RULES Subcommand (TREE command)

The RULES subcommand generates syntax that can be used to select or classify cases based on values of independent (predictor) variables.

  • You can generate rules for all nodes, all terminal nodes, the top n terminal nodes, terminal nodes that correspond to the top n percent of cases, or nodes with index values that meet or exceed a cutoff value.
  • Rules are available in three different forms: internal command syntax format, SQL, and generic (plain English pseudocode).
  • You can specify an external destination file for the rules.
  • Each keyword is followed by an equals sign (=) and the value for that keyword.

Example

TREE risk [o] BY income age creditscore
 /RULES NODES=TERMINAL SYNTAX=INTERNAL TYPE=SCORING
  OUTFILE='/jobfiles/treescores.sps'.

NODES Keyword

The NODES keyword specifies the scope of generated rules. Specify one of the following alternatives:

TERMINAL. Generates rules for each terminal node. This is the default.

ALL. Generates rules for all nodes. Rules are shown for all parent and terminal nodes.

For categorical dependent variables with defined target categories, the following additional alternatives are available:

TOPN(value). Generates rules for the top n terminal nodes based on index values. The number must be a positive integer, enclosed in parentheses. If the number exceeds the number of nodes in the tree, a warning is issued and rules are generated for all terminal nodes.

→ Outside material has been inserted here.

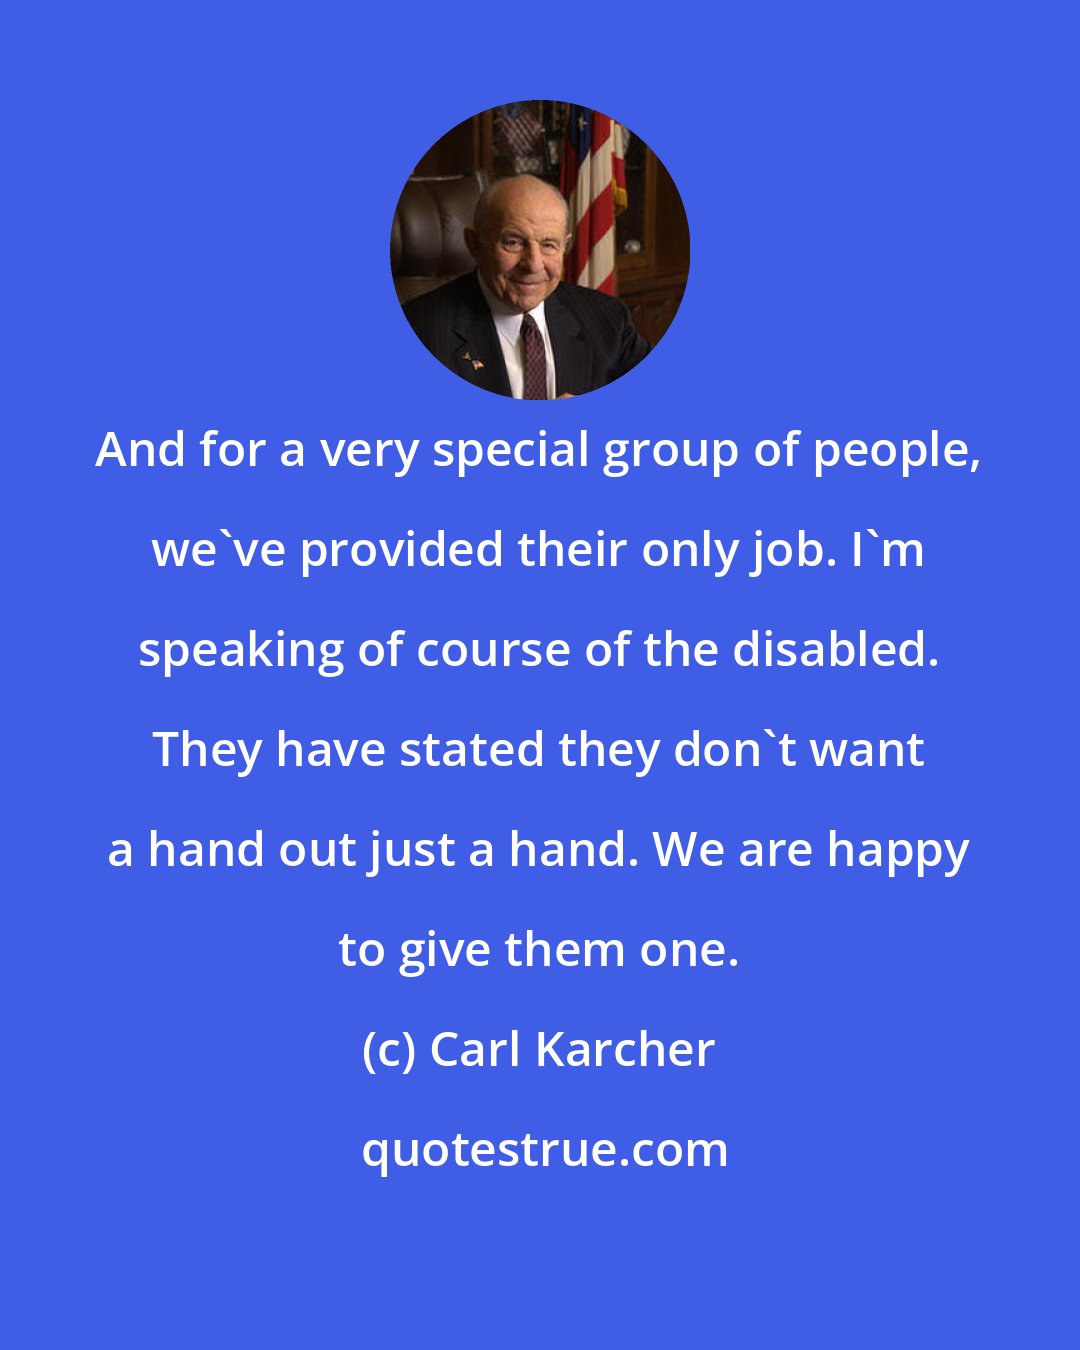 Carl Karcher: And for a very special group of people, we've provided their only job. I'm speaking of course of the disabled. They have stated they don't want a hand out just a hand. We are happy to give them one.

TOPPCT(value). Generates rules for terminal nodes for the top n percent of cases based on index values. The percent value must be a positive number greater than zero and less than 100, enclosed in parentheses.

MININDEX(value). Generates rules for all terminal nodes with an index value greater than or equal to the specified value. The value be a positive number, enclosed in parentheses.

SYNTAX Keyword

The SYNTAX keyword specifies the syntax of generated rules. It determines the form of the selection rules in both output displayed in the Viewer and selection rules saved to an external file.

INTERNAL. Command syntax language. Rules are expressed as a set of commands that define a filter condition that can be used to select subsets of cases (this is the default) or as COMPUTE statements that can be used to score cases (with TYPE=SCORING).

SQL. SQL. Standard SQL rules are generated to select/extract records from a database or assign values to those records. The generated SQL rules do not include any table names or other data source information.

GENERIC. Plain English pseudocode. Rules are expressed as a set of logical "if...then" statements that describe the model’s classifications or predictions for each node.

TYPE Keyword

The TYPE keyword specifies the type of SQL or internal command syntax rules to generate. It is ignored if generic rules are requested.

SCORING. Scoring of cases. The rules can be used to assign the model’s predictions to cases that meet node membership criteria. A separate rule is generated for each node within the scope specified on the NODES keyword. This is the default.

SELECTION. Selection of cases. The rules can be used to select cases that meet node membership criteria. For internal command syntax and SQL rules, a single rule is generated to select all cases within the scope specified on the NODES keyword.

Note: For internal command syntax or SQL rules with NODES=TERMINAL and NODES=ALL, TYPE=SELECTION will produce a rule that effectively selects every case included in the analysis.

SURROGATES Keyword

For CRT and QUEST, the SURROGATES keyword controls whether rules use surrogate predictors to classify cases that have missing predictor values. The keyword is ignored if the method is not CRT or QUEST or if generic rules are requested.

Rules that include surrogates can be quite complex. In general, if you just want to derive conceptual information about your tree, exclude surrogates. If some cases have incomplete predictor data and you want rules that mimic your tree, include surrogates.

INCLUDE. Include surrogates. Surrogate predictors are used in generated rules. This is the default.

EXCLUDE. Exclude surrogates. Rules exclude surrogate predictors.

LABELS Keyword

The LABELS keyword specifies whether value and variable labels are used in generic decision rules.

  • By default, any defined value and variable labels are used. When labels aren’t available, values and variable names are used.
  • LABELS is ignored for SQL and internal command syntax rules.

YES. Any defined value and variable labels are used in generic rules. This is the default.

NO. Values and variable names are used instead of labels.

OUTFILE Keyword

OUTFILE writes the rules to an external text file.

  • The keyword is followed by an equals sign (=) and a file specification enclosed in quotes.
  • If the file specification includes a path, an error will result if the specified directory/folder location doesn’t exist.
  • For command syntax, the file can be used as a command syntax file in both interactive and batch modes.
  • For SQL syntax, the generated SQL does not include any table names or other data source information.
  • OUTFILE is ignored if NODES=NONE, and a warning is issued.